Carl St. Clair Opens His 30th Season Leading Pacific Symphony with the Elegance and Power of Beethoven and Orff’s Carmina Burana
This weekend was a treat for the senses with director Carl St. Clair opening his 30th season with Pacific Symphony performing at the Segerstrom Center for the Arts on Saturday, September 28th, 2019.
World-renowned, Carl St. Clair, conducted the Pacific Symphony and Chorale at the Renée and Henry Segerstrom Concert Hall this weekend including works from Beethoven, “Egmont” Overture and “Choral” Fantasy and a celebration of nature, love, and lust with Carl Orff’s popular Carmina Burana which originally premiered in 1937.
St. Clair breezes through Beethoven’s Overture which was originally the instrumental to a ballet, opera or oratorio in the 17th century and designed to be played at the head of a program. “Choral” Fantasy served as the concluding work for a benefit concert that Beethoven put on for himself in 1808; performers consisted of vocal soloists, chorus, an orchestra, and Beethoven himself as piano soloist. The Fantasy was meant to include all the participants and unites all musical forces together and the Pacific Symphony and Chorale did not disappoint with their superior vocals and ingenious ensemble in this paramount performance.
Carmina Burana’s wheel of fortune was spinning around and around, and with anyone’s luck, it could have them at the very top of society one moment and sliding down to the other in the blink of any eye. This masterpiece was given life with an astounding performance at the beautiful concert hall with its most sophisticated acoustics. The performance had some shedding a tear at the emotional rollercoaster of this timeless classic.
Carmina Burana is performed in three sections including Springtime, In the Tavern and The Court Of Love. preceded by and ending with Fortune. Benjamin Pasternack was a delight on piano. American, Celena Shafer’s soprano voice enveloped attendees as she longed for love and eventually fell into the arms of Canadian baritone, Hugh Russell. Hugh Russell’s performance of Estuans Interius was commanding. Christopher Pfund garnered laughter with his brilliant tenor performance as a fowl being grilled and feasted upon, while innocence was reclaimed by the Southern California Children’s Chorus.

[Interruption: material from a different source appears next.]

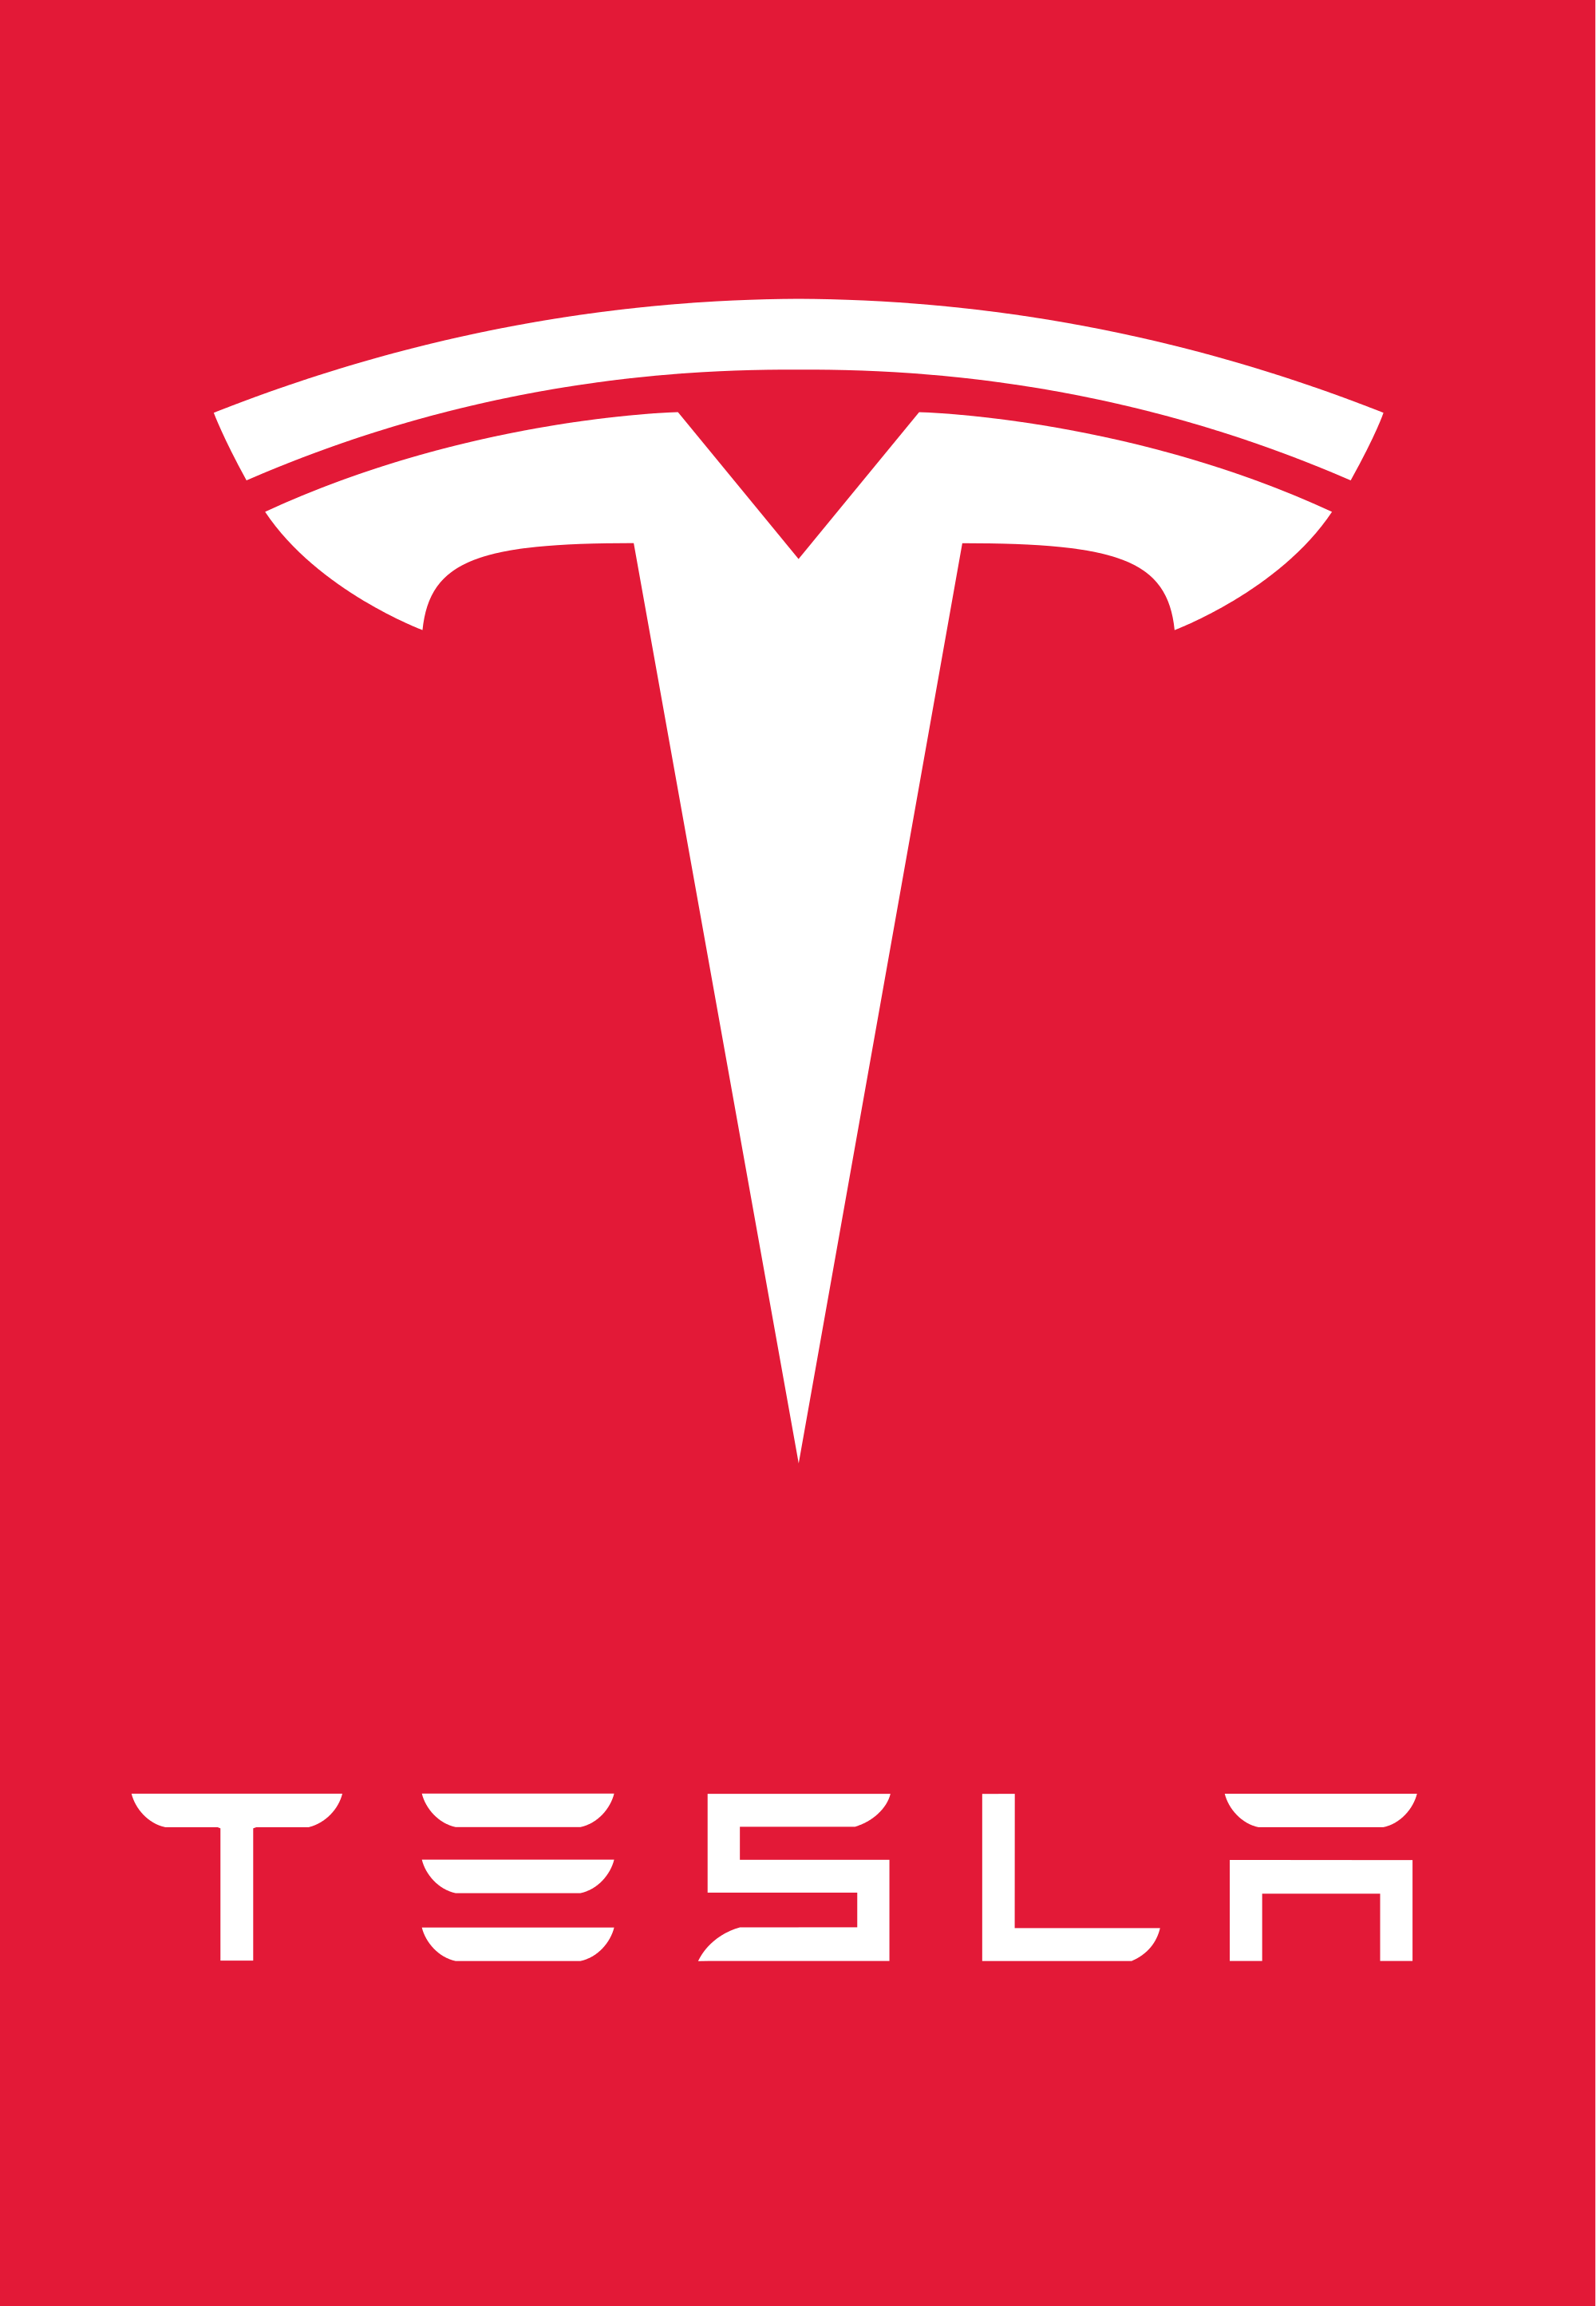 Red Letter Brand Names Logo - Tesla Logo, Tesla Car Symbol Meaning and History. Car Brand Names.com

Sunday’s matinee of O Fortuna! was a more relaxed setting than the previous night but there was no shortage in quality. It was an opportunity to focus on the little things you may have missed in the opening night performance of Beethoven and the full version of Carmina Burana. St. Clair gave a little background on O Fortuna! at the show’s opening and ended with numerous standing ovations. Overall the three performances were a sheer delight and we will be attending more Pacific Symphony productions and shows at the Segerstrom Center for the Arts throughout the season.